I am working on a project in Swift, using a dictionary
.
This dictionary is of the type [String : [Posting]]
. I have around 200k different "terms" (keys) to insert in it, and for each term I have around 500 to 1000 objects to append in a list. I know it's a weird practice but I don't have the choice and I must deal with all those elements.
The issue is that this is very very slow, as the dictionary gets bigger. I tried switching to a NSMutableDictionary
, no luck.
My addTerm
function is called everytime I need to insert an element :
func addTerm(_ term: String, withId id: Int, atPosition position: Int) {
if self.map[term] == nil {
self.map[term] = [Posting]()
}
if self.map[term]!.last?.documentId == id {
self.map[term]!.last?.addPosition(position)
}
else {
self.map[term]!.append(Posting(withId: id, atPosition: position, forTerm: term))
}
}
EDIT: I realized that its not the dictionary that causes all this lag, but its actually the arrays it contains. Arrays re-allocate way too much when adding new elements, and the best I could was to replace them with ContiguousArray
.
This is fairly common performance trap, as also observed in:
The issue stems from the fact that the array you're mutating in the expression self.map[term]!.append(...)
is a temporary mutable copy of the underlying array in the dictionary's storage. This means that the array is never uniquely referenced and so always has its buffer re-allocated.
This situation will fixed in Swift 5 with the unofficial introduction of generalised accessors, but until then, one solution (as mentioned in both the above Q&As) is to use Dictionary
's subscript(_:default:)
which from Swift 4.1 can mutate the value directly in storage.
Although your case isn't quite a straightforward case of applying a single mutation, so you need some kind of wrapper function in order to allow you to have scoped access to your mutable array.
For example, this could look like:
class X {
private var map: [String: [Posting]] = [:]

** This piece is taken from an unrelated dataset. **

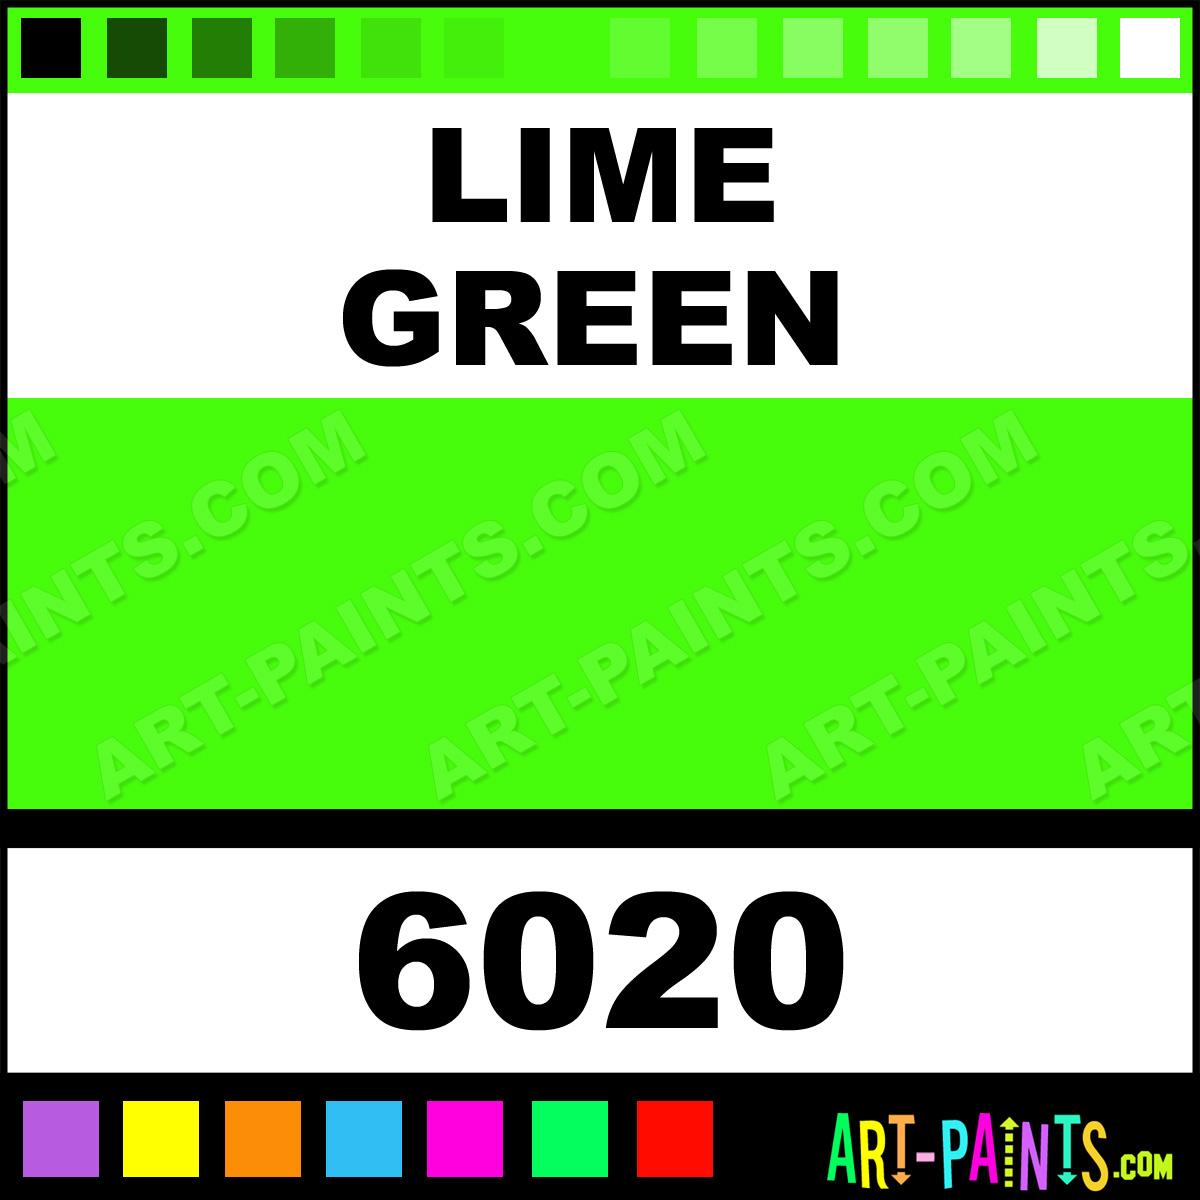 Lime Green Quality Spray Paints Aerosol Decorative Paints 6020 Lime Green Paint Graffiti

private func withPostings<R>(
forTerm term: String, mutations: (inout [Posting]) throws -> R
) rethrows -> R {
return try mutations(&map[term, default: []])
}
func addTerm(_ term: String, withId id: Int, atPosition position: Int) {
withPostings(forTerm: term) { postings in
if let posting = postings.last, posting.documentId == id {
posting.addPosition(position)
} else {
postings.append(Posting(withId: id, atPosition: position, forTerm: term))
}
}
}
// ...
}